Knowledge Graph
Knowledge Graph is a collection of interlinked descriptions of concepts, entities, relationships and events.
- Snippet from Wikipedia: Knowledge graph
In knowledge representation and reasoning, knowledge graph is a knowledge base that uses a graph-structured data model or topology to integrate data. Knowledge graphs are often used to store interlinked descriptions of entities – objects, events, situations or abstract concepts – while also encoding the semantics underlying the used terminology.

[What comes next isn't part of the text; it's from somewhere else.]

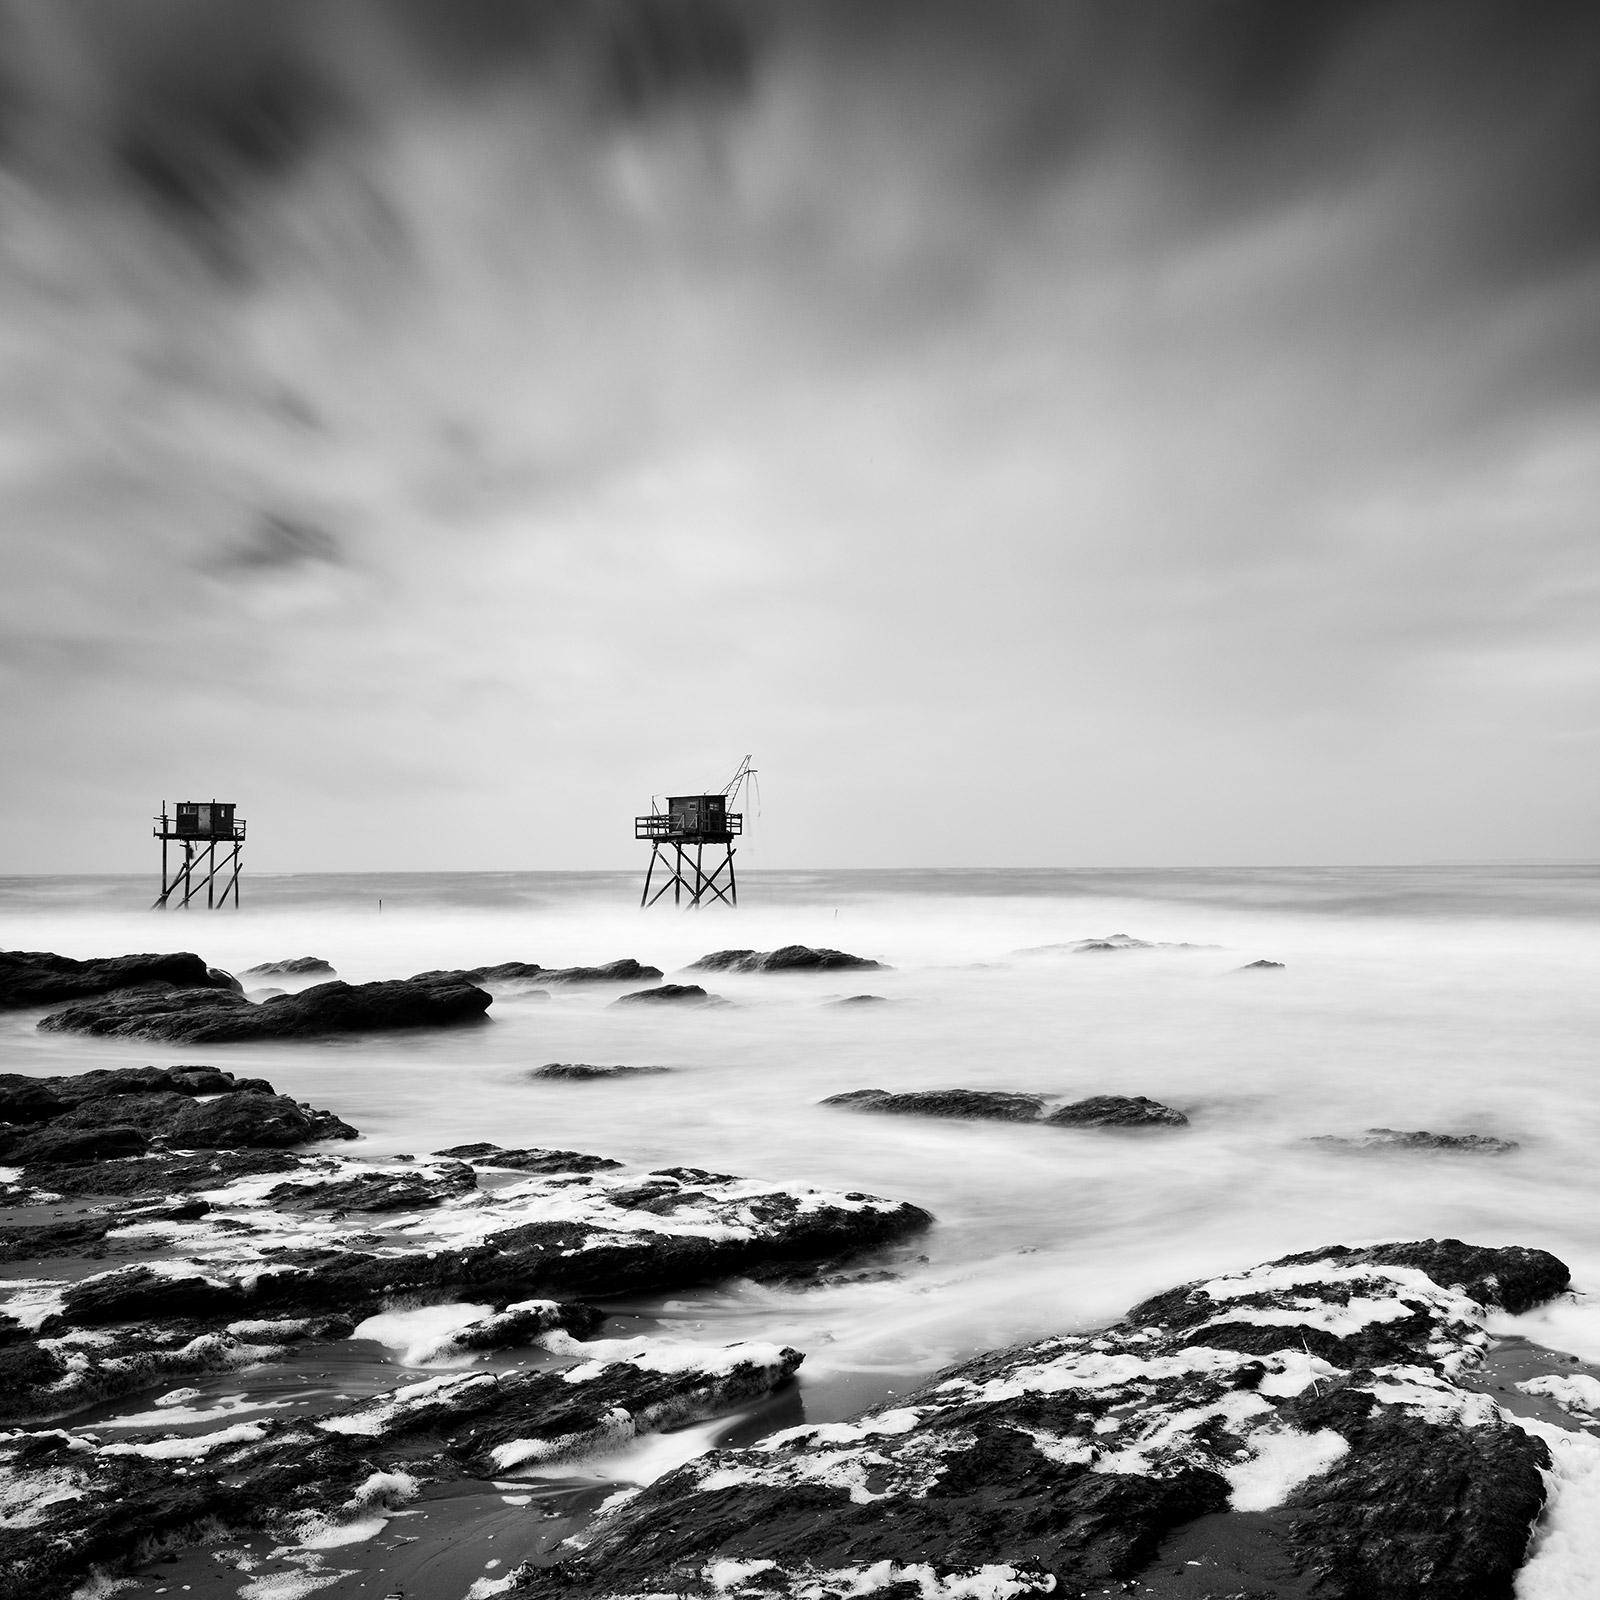 Gerald Berghammer Black and White Photograph - Fishing Hut on Stilts, coast of Atlantic Ocean, black and white waterscape
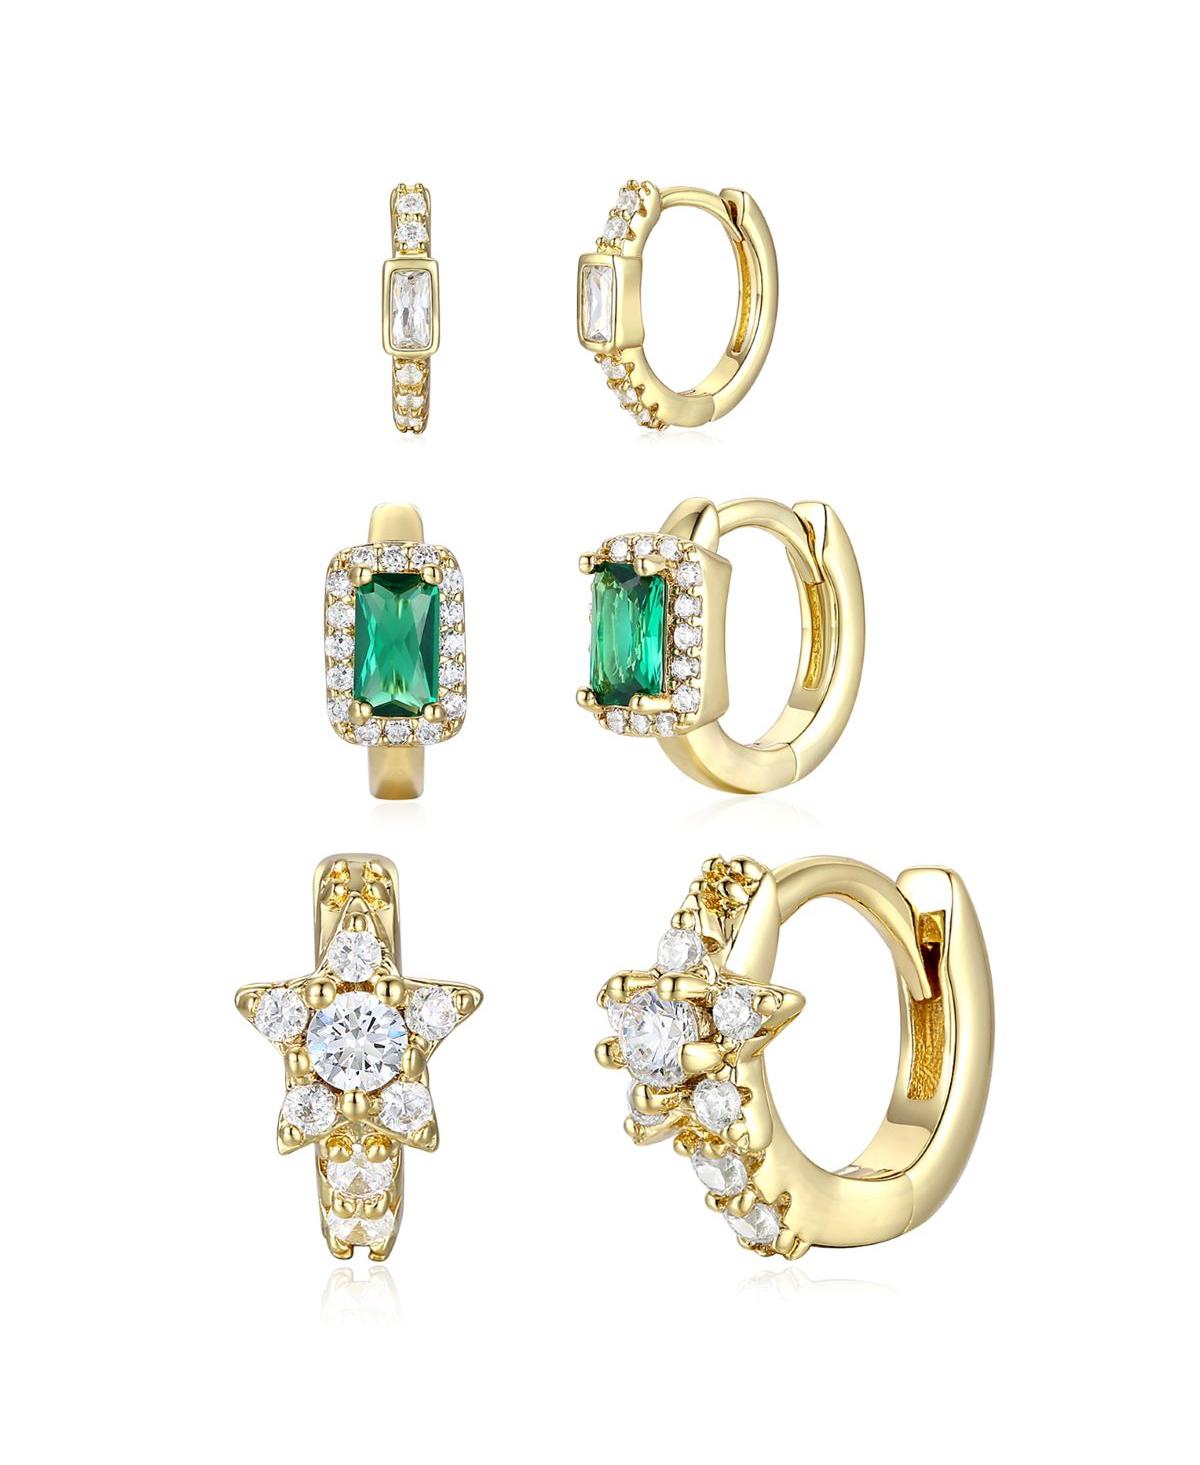 14k Gold Plated with Emerald & Cubic Zirconia Halo Star 3-Piece Hoop Earrings Set - Emerald

Since the development of the Semantic Web, knowledge graphs are often associated with linked open data projects, focusing on the connections between concepts and entities. They are also prominently associated with and used by search engines such as Google, Bing, Yext and Yahoo; knowledge-engines and question-answering services such as WolframAlpha, Apple's Siri, and Amazon Alexa; and social networks such as LinkedIn and Facebook.
- Snippet from Wikipedia: Google Knowledge Graph
The Google Knowledge Graph is a knowledge base from which Google serves relevant information in an infobox beside its search results. This allows the user to see the answer in a glance, as an instant answer. The data is generated automatically from a variety of sources, covering places, people, businesses, and more.
The information covered by Google's Knowledge Graph grew quickly after launch, tripling its data size within seven months (covering 570 million entities and 18 billion facts). By mid-2016, Google reported that it held 70 billion facts and answered "roughly one-third" of the 100 billion monthly searches they handled. By March 2023, this had grown to 800 billion facts on 8 billion entities.
There is no official documentation of how the Google Knowledge Graph is implemented. According to Google, its information is retrieved from many sources, including the CIA World Factbook and Wikipedia. It is used to answer direct spoken questions in Google Assistant and Google Home voice queries. It has been criticized for providing answers with neither source attribution nor citations.